O show cria atmosferas que passam pelos bailes charmes brasileiros, pelos tradicionais sambas das décadas de 1990 e 2000 e pelos clubes de jazz estadunidenses.
A apresentação reuniu experiências visuais e estética afrocentrada, onde o cantor coloca sua assinatura na pluralidade da black music, convidando o público a transitar entre pagode, funk, jazz e R&B.

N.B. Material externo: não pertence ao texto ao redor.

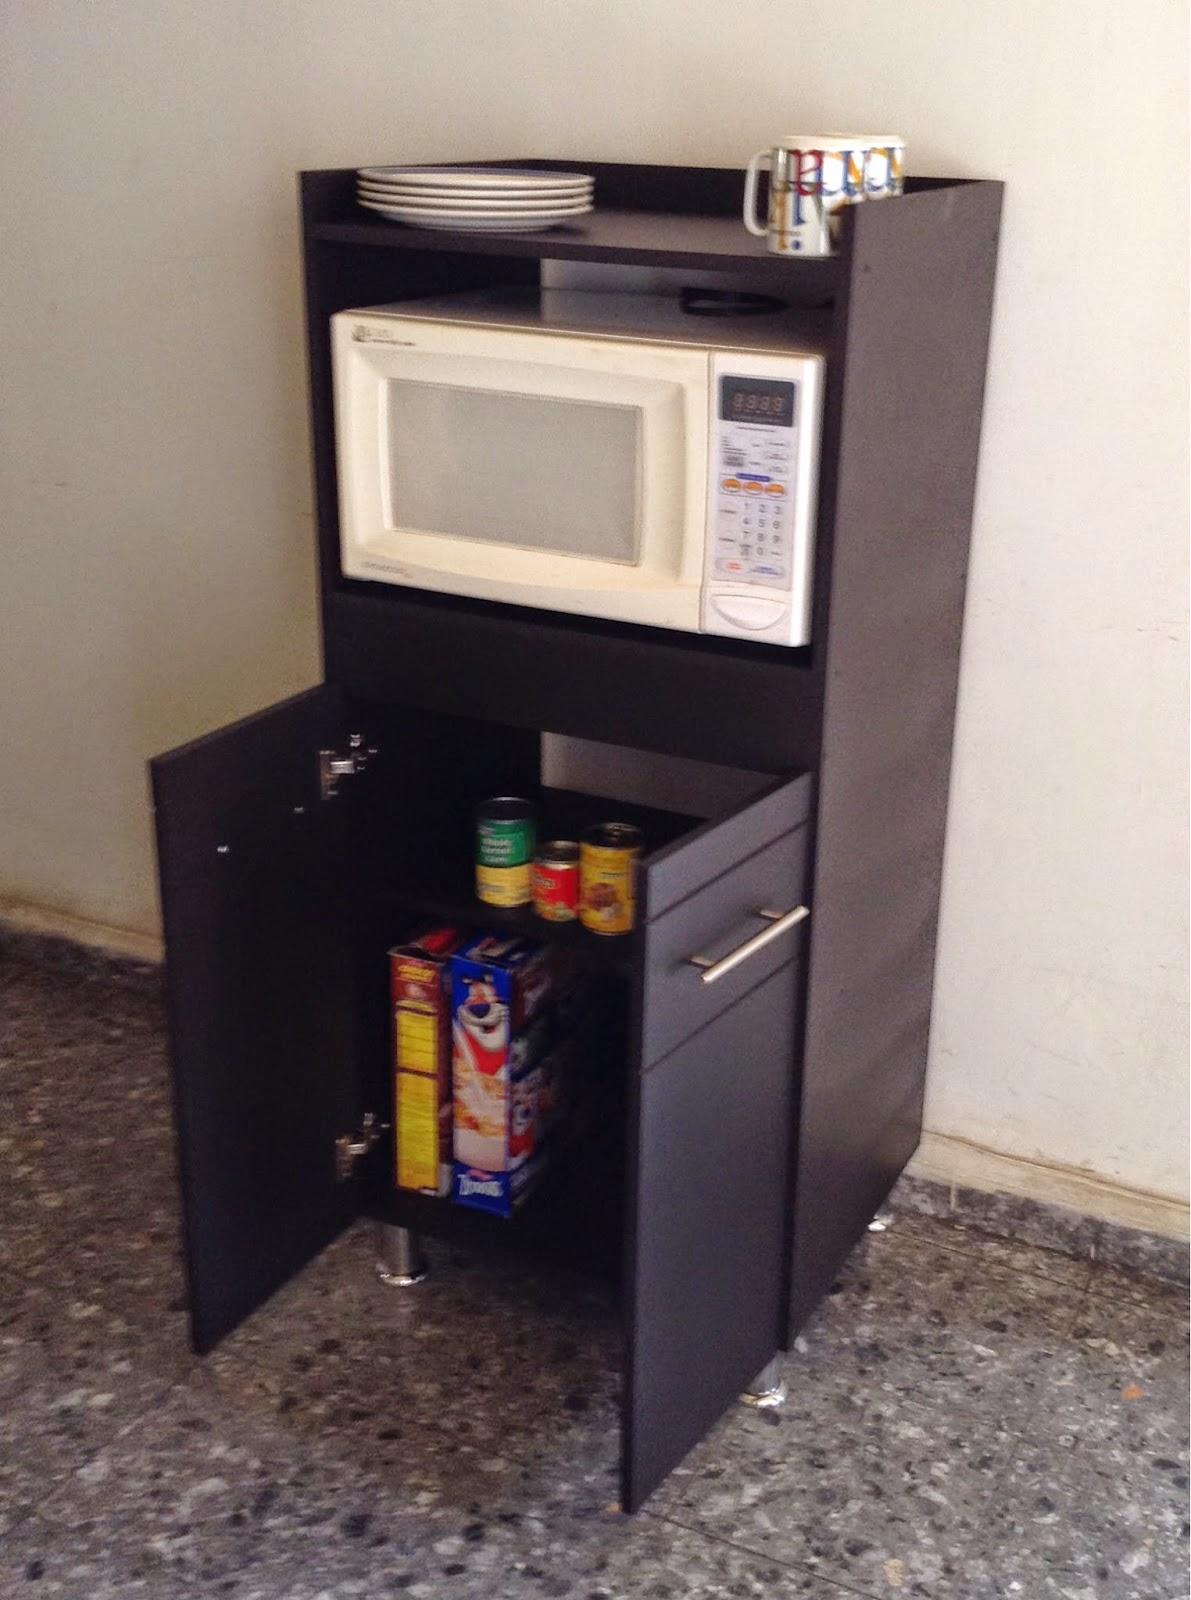 El outlet del gabinete gabinete de cocina con tarja y alacena for Muebles de cocina 25 cm

No repertório, Thiaguinho reverenciou suas origens no pagode e no samba, cantando sucessos da sua carreira solo e de Exaltasamba, e relembrou sua participação no Fama, programa de TV que revelou o artista em 2002, cantando “Final Feliz”, de Jorge Vercillo.
“Pra quem não sabe, no ano passado recebi o título de cidadão recifense… E cada vez que volto pra essa cidade, sinto esse amor ficando ainda maior, mais forte e mais verdadeiro”, escreveu em suas redes sociais.
“Bem Black” reúne nas raízes do soul e do samba, exaltando a cultura preta nacional e internacional – Luiz Fabiano/Divulgação
“Primavera”, de Tim Maia, “Coleção”, de Cassiano, e “Taj Mahal”, de Jorge Ben Jor, foram alguns dos sucessos que animaram o público. Ao longo do show, o artista apontou: “Recife é uma das cidades que mais gosto de cantar”.
A atmosfera dos bailes blacks das periferias brasileiras fez parte do evento, desde o visual escolhido pelo público às coreografias inspiradas na black music, apresentadas em uma aula de dança antes do espetáculo.